[MATERIAL SUPPLIED — start]

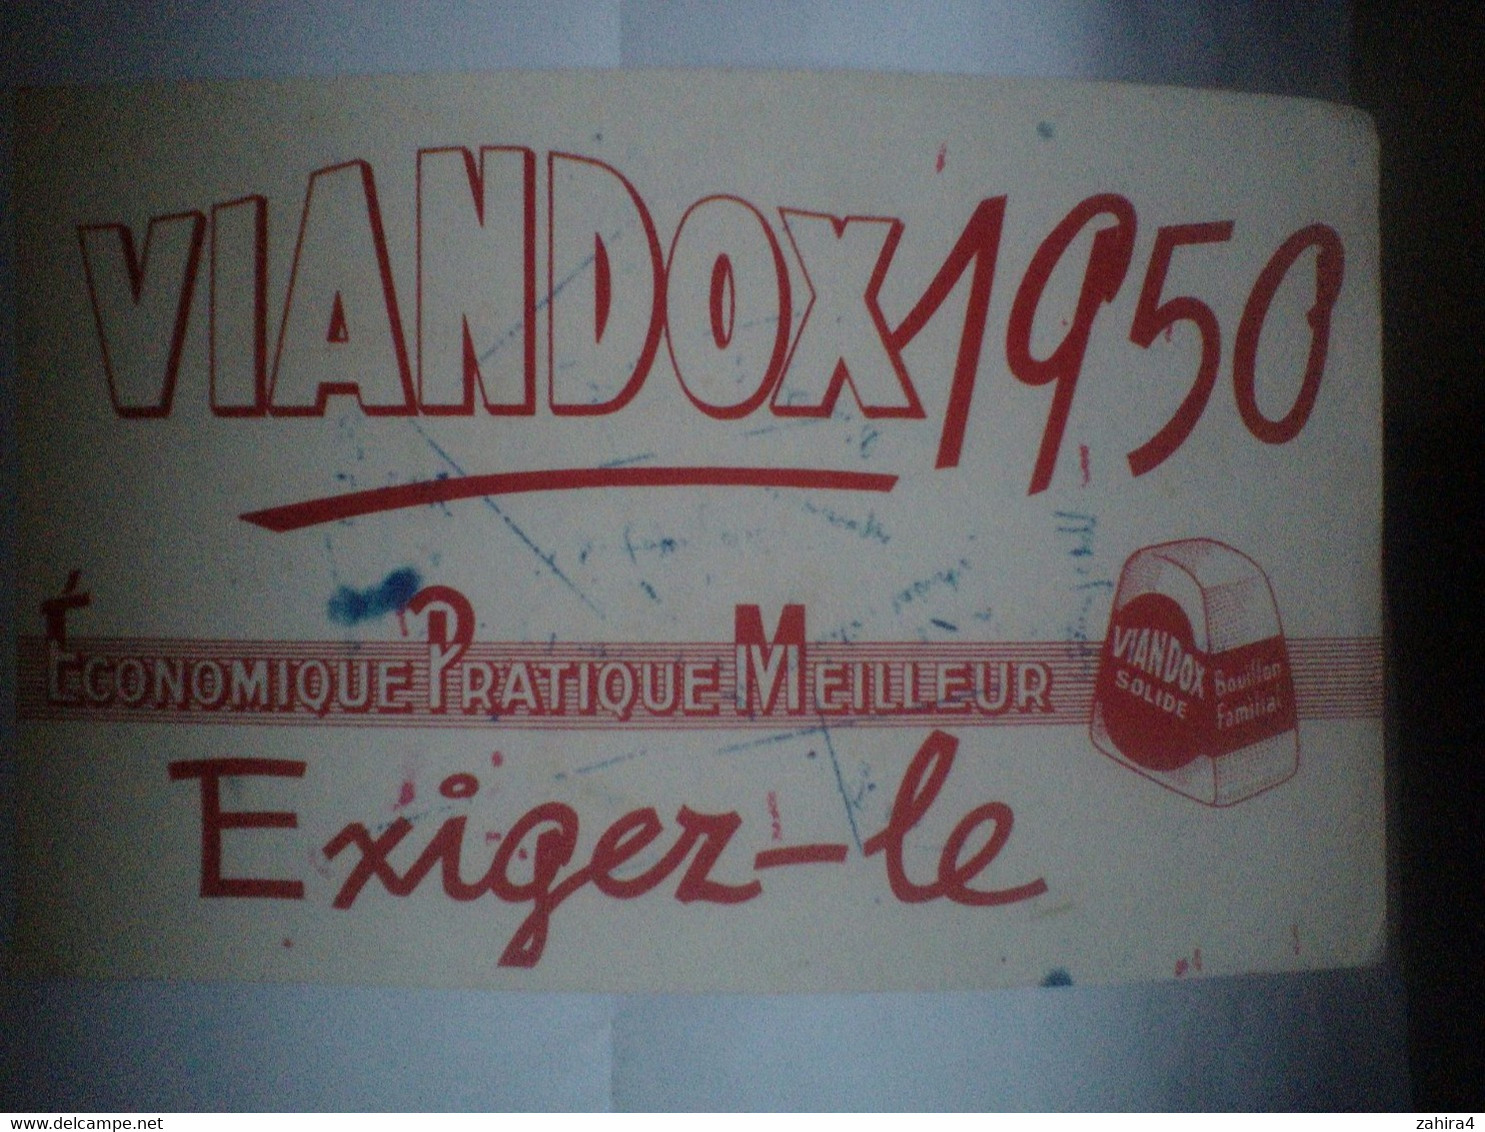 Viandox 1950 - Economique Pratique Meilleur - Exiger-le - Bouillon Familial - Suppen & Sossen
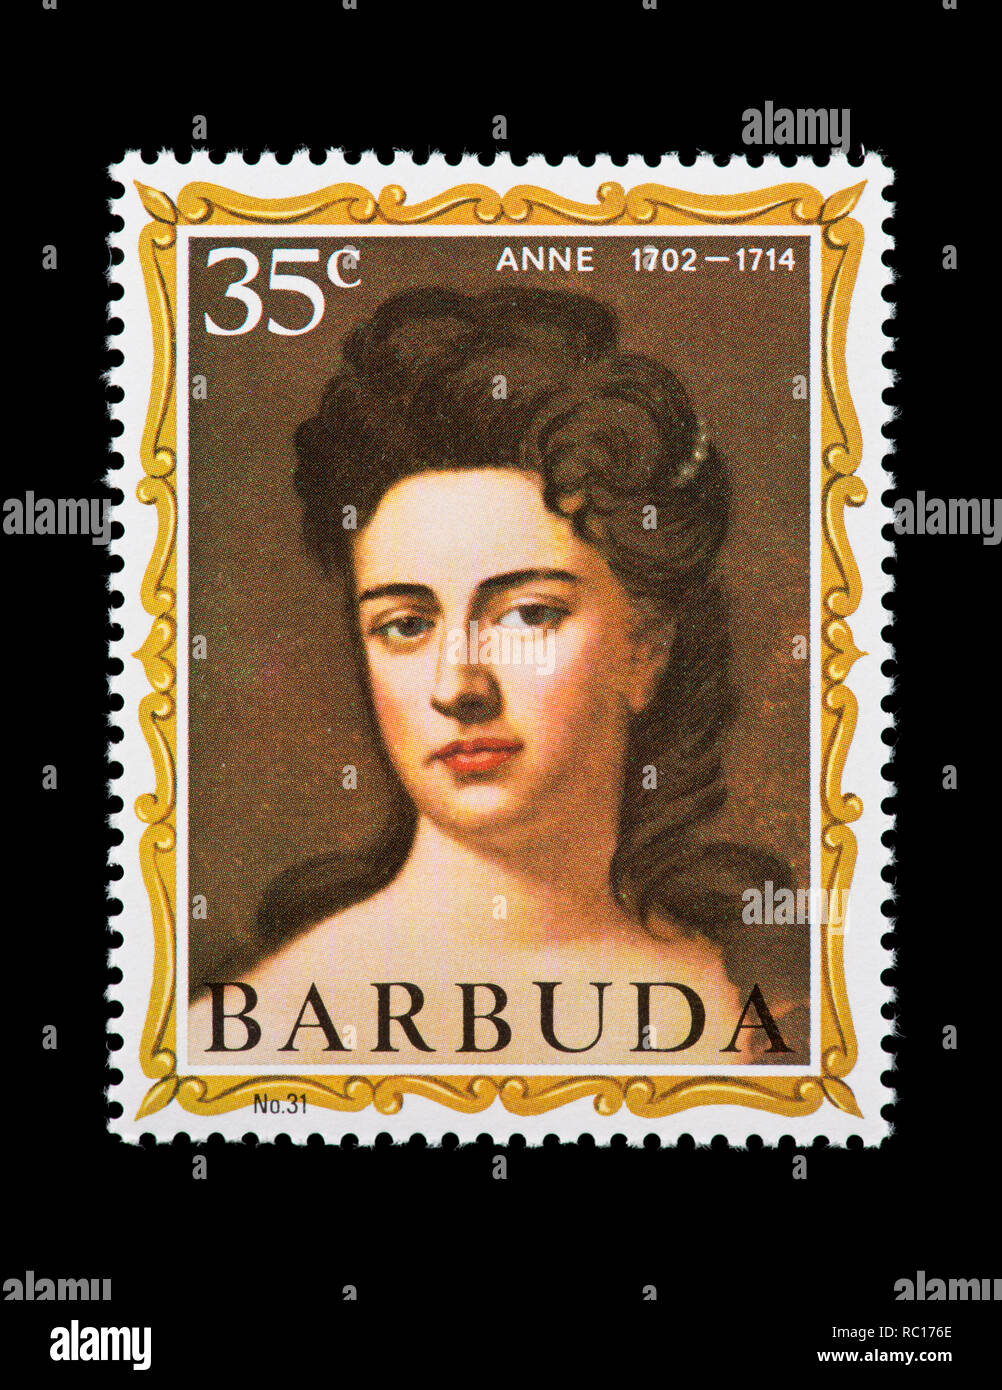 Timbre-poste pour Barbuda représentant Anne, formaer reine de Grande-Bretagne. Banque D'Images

[MATERIAL SUPPLIED — finish]
[MATERIAL SUPPLIED — start]

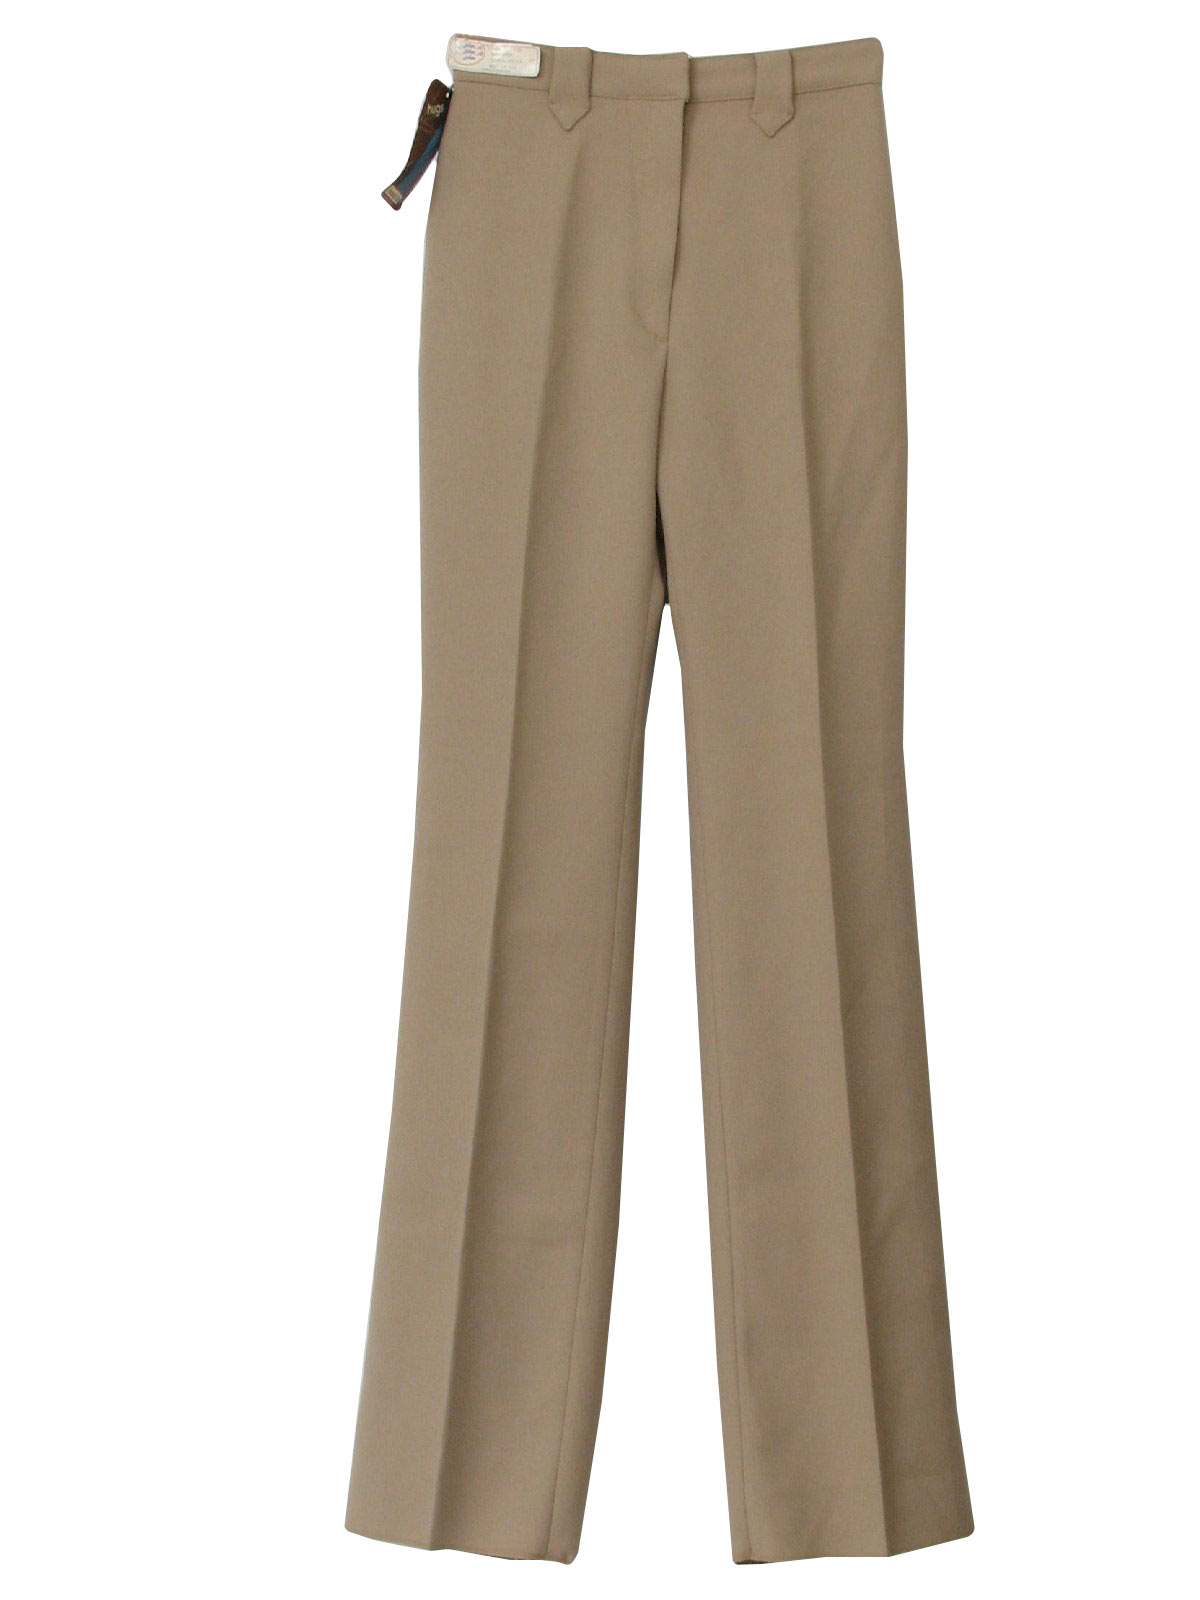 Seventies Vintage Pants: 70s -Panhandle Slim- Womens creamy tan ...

[MATERIAL SUPPLIED — finish]
[MATERIAL SUPPLIED — start]

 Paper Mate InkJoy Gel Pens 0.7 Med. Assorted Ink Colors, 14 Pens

[MATERIAL SUPPLIED — finish]

WHAT TO WORK ON :: All pictures are to be skipped. Output, word for word, the lines in the data above starting at the line containing "Viandox 1950 - Economique" and ending at the line containing "Timbre-poste pour Barbuda".

RESPONSE ::
 Viandox 1950 - Economique Pratique Meilleur - Exiger-le - Bouillon Familial - Suppen & Sossen
 Timbre-poste pour Barbuda représentant Anne, formaer reine de Grande-Bretagne. Banque D'Images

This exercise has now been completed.